JP6209768B2 - Vehicle body structure - Google Patents

Description

  The present invention relates to a vehicle body structure for dipping a vehicle body in paint in a paint reservoir and performing electrodeposition coating on the body.

  A technique related to a vehicle body structure is described in Patent Document 1. As shown in FIG. 9, the body of the passenger car described in Patent Document 1 includes a cowl panel 101 and a dash panel 102 that partition the engine room ER and the vehicle compartment R. As shown in FIG. 10, a lower end flange portion 101 f is formed at the lower end of the cowl panel 101, and an upper end flange portion 102 f is formed at the upper end of the dash panel 102. The lower end flange portion 101f of the cowl panel 101 is overlapped with the upper end flange portion 102f of the dash panel 102 from above and is partially joined. Further, as shown in FIG. 10, a gap-shaped through hole 104 is formed between the mating surfaces of the lower end flange portion 101f of the cowl panel 101 and the upper end flange portion 102f of the dash panel 102 so as to extend in the front-rear direction. Yes. For this reason, when the body of the passenger car is immersed in the paint in the paint reservoir tank, the air remaining in the corners K and the like of the dash panel 102 changes the posture of the body almost horizontally in the paint so that the cowl panel 101 and the through-hole 104 of the dash panel 102 come out upward.

JP 2006-327275 A

  However, in the above-described body structure of a passenger car, as shown in FIG. 10, the air remaining in the corner portion K of the dash panel 102 is guided forward along the horizontal portion of the dash panel 102, so that the cowl panel 101 and the dash panel It is the structure which escapes from the through-hole 104 of 102 to back upper direction. Here, in the opening portions of the through holes 104 of the cowl panel 101 and the dash panel 102, there is no portion where air can be stored. For this reason, the air guided forward along the horizontal portion of the dash panel 102 may pass through the through-hole 104 and be accumulated below the front portion of the cowl panel 101. In the case of electrodeposition coating, the portion where the air is accumulated becomes a poor coating and causes rust.

  The present invention has been made to solve the above-mentioned problems, and the problem to be solved by the present invention is to eliminate coating defects due to air accumulation in the body in electrodeposition coating.

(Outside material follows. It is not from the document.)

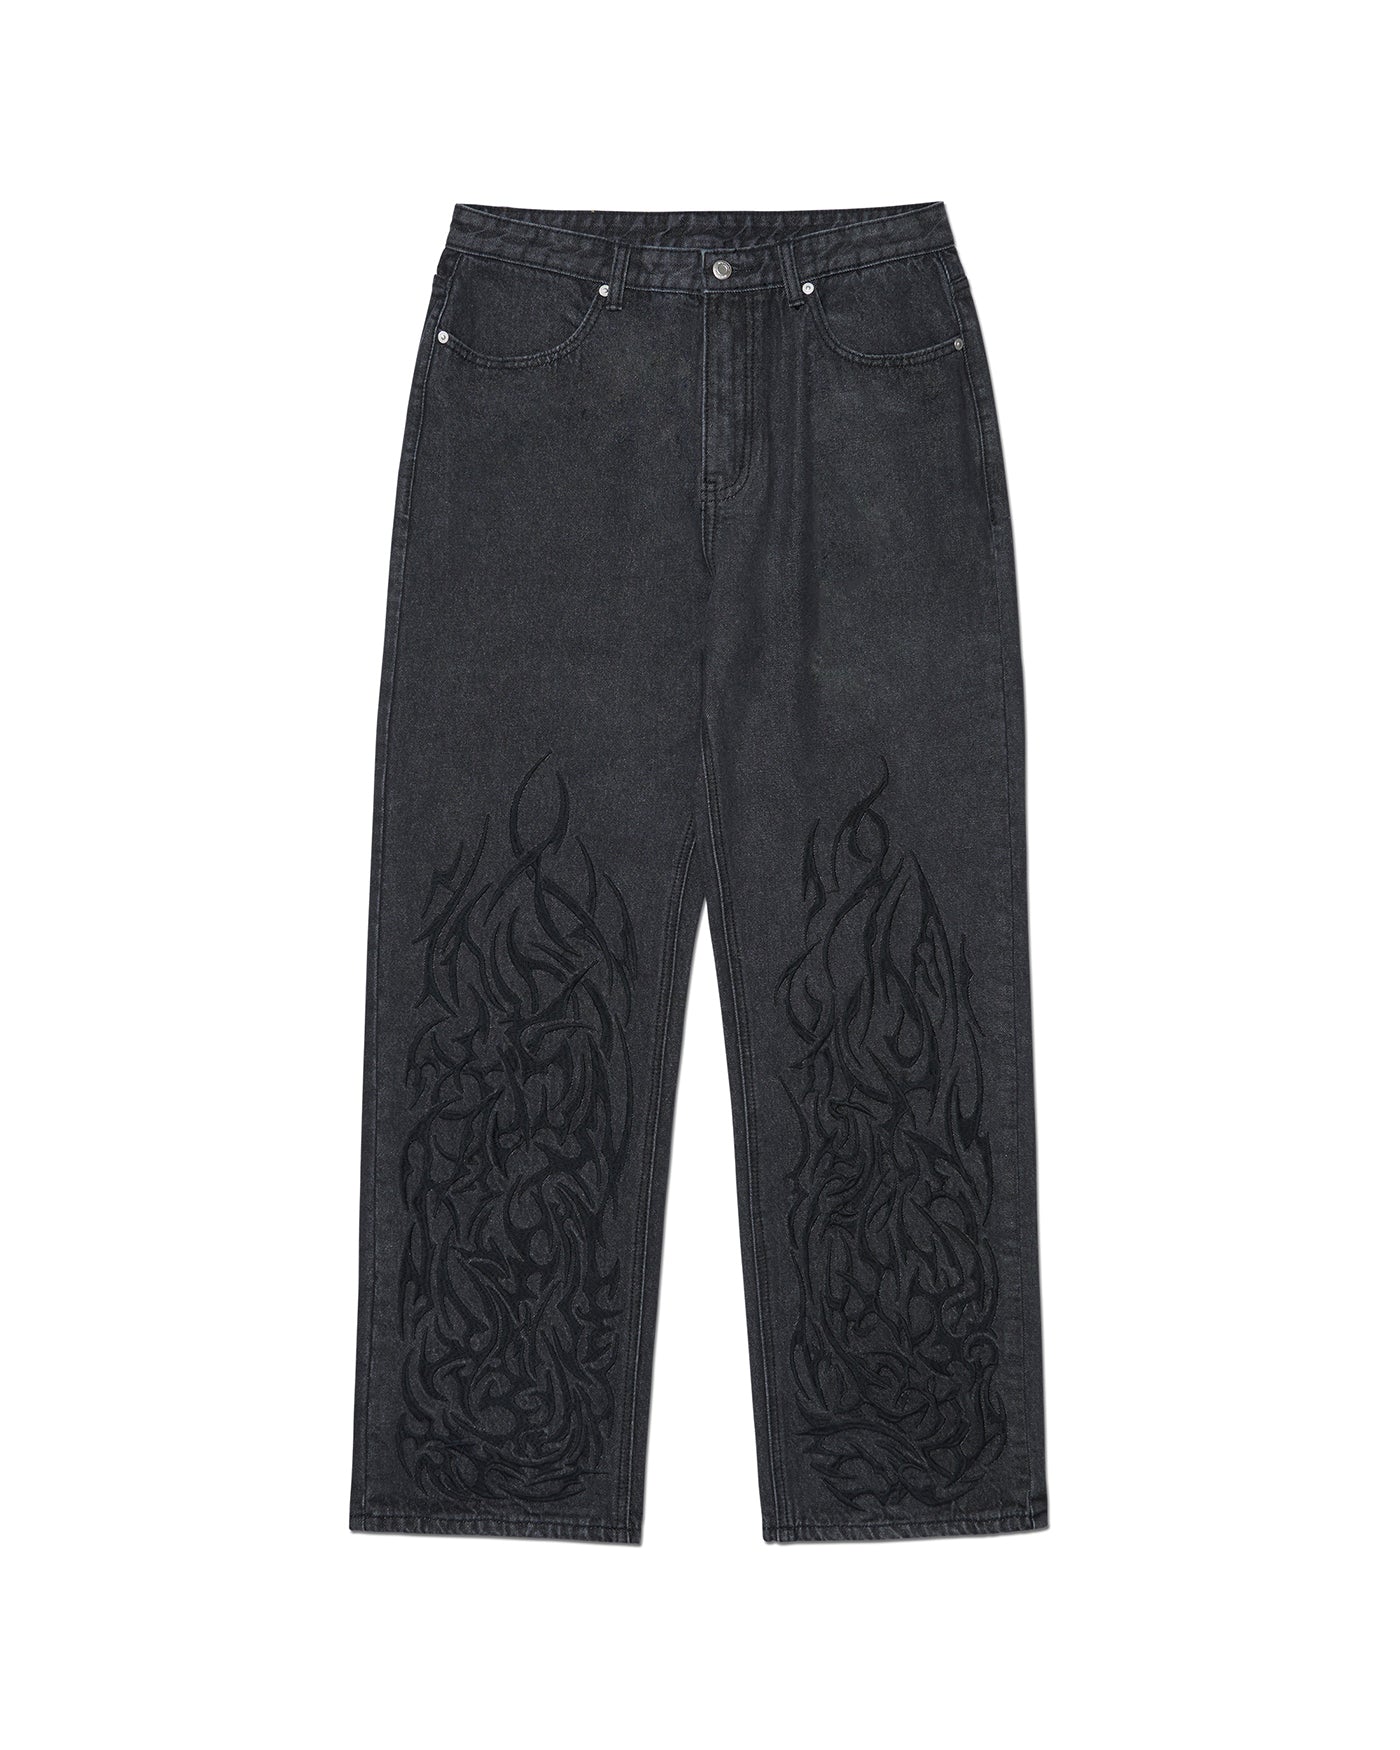 ロングジッパー デニムパンツ / Long Zipper Denim Pants (Black) – 60
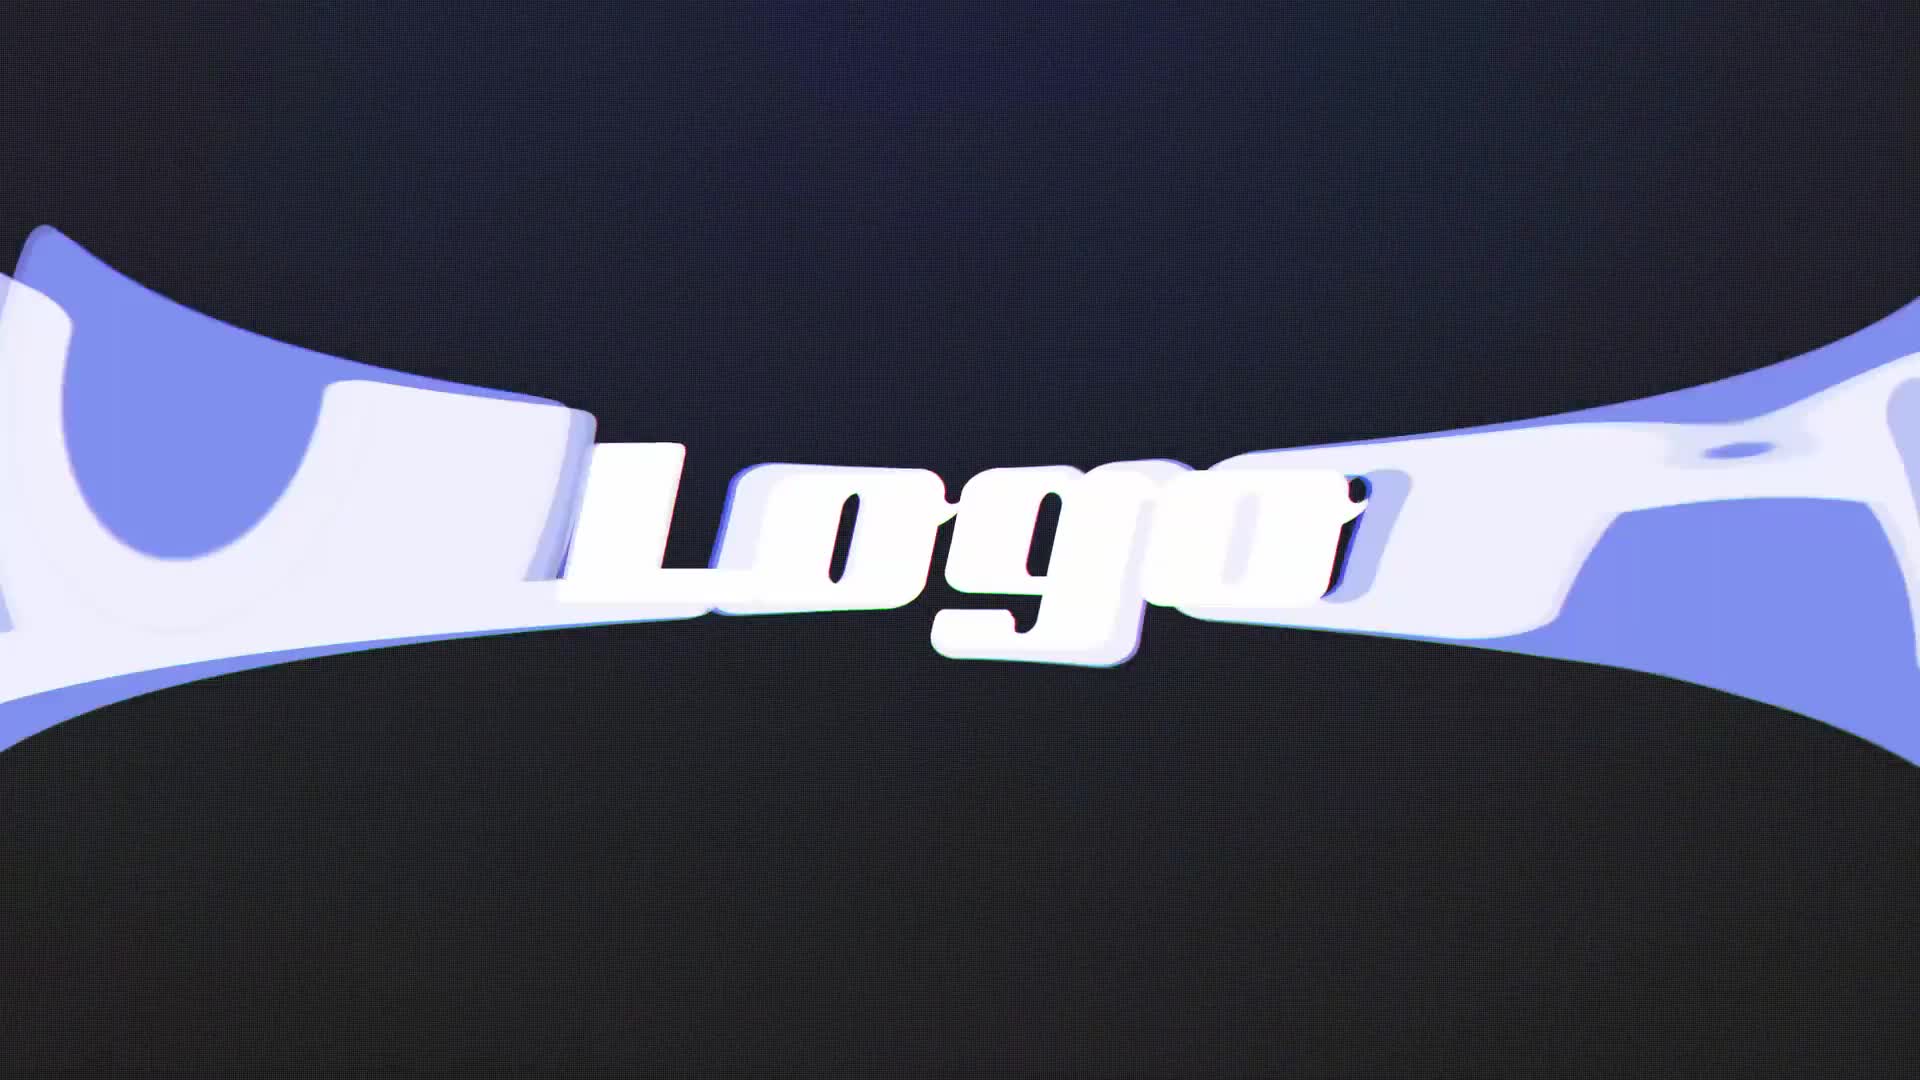 Fast Glitch RGB Logo Reveal Premiere Pro Videohive 32318622 Premiere Pro Image 1

The above-described problems are solved by the inventions of the claims. The invention of claim 1 is a vehicle body structure for immersing a vehicle body in paint in a paint reservoir and performing electrodeposition coating on the body. The vehicle body structure is configured to extend in the vehicle width direction. A shelf-like front panel and a rear panel provided with a shelf-like portion that also extends in the vehicle width direction, and the front-end flange portion of the shelf-like portion of the rear panel is above the rear-end flange portion of the front panel. The two flange portions are partially joined together, and a gap is formed between the mating surfaces of the two flange portions so as to penetrate in the front-rear direction. Is communicated with the gap between the flange portions, and further, an air reservoir is formed at a position lower than the gap, and the air accumulated in the lower side of the shelf is formed on the shelf of the rear panel. An inclined guide surface is provided to guide the air to the air reservoir by buoyancy. It is and, the air reservoir unit, by bending the shelf the edge of the rear end flange portion of the front panel downward, that is formed in a state such as expanding portion for rear opening of the gap It is characterized by.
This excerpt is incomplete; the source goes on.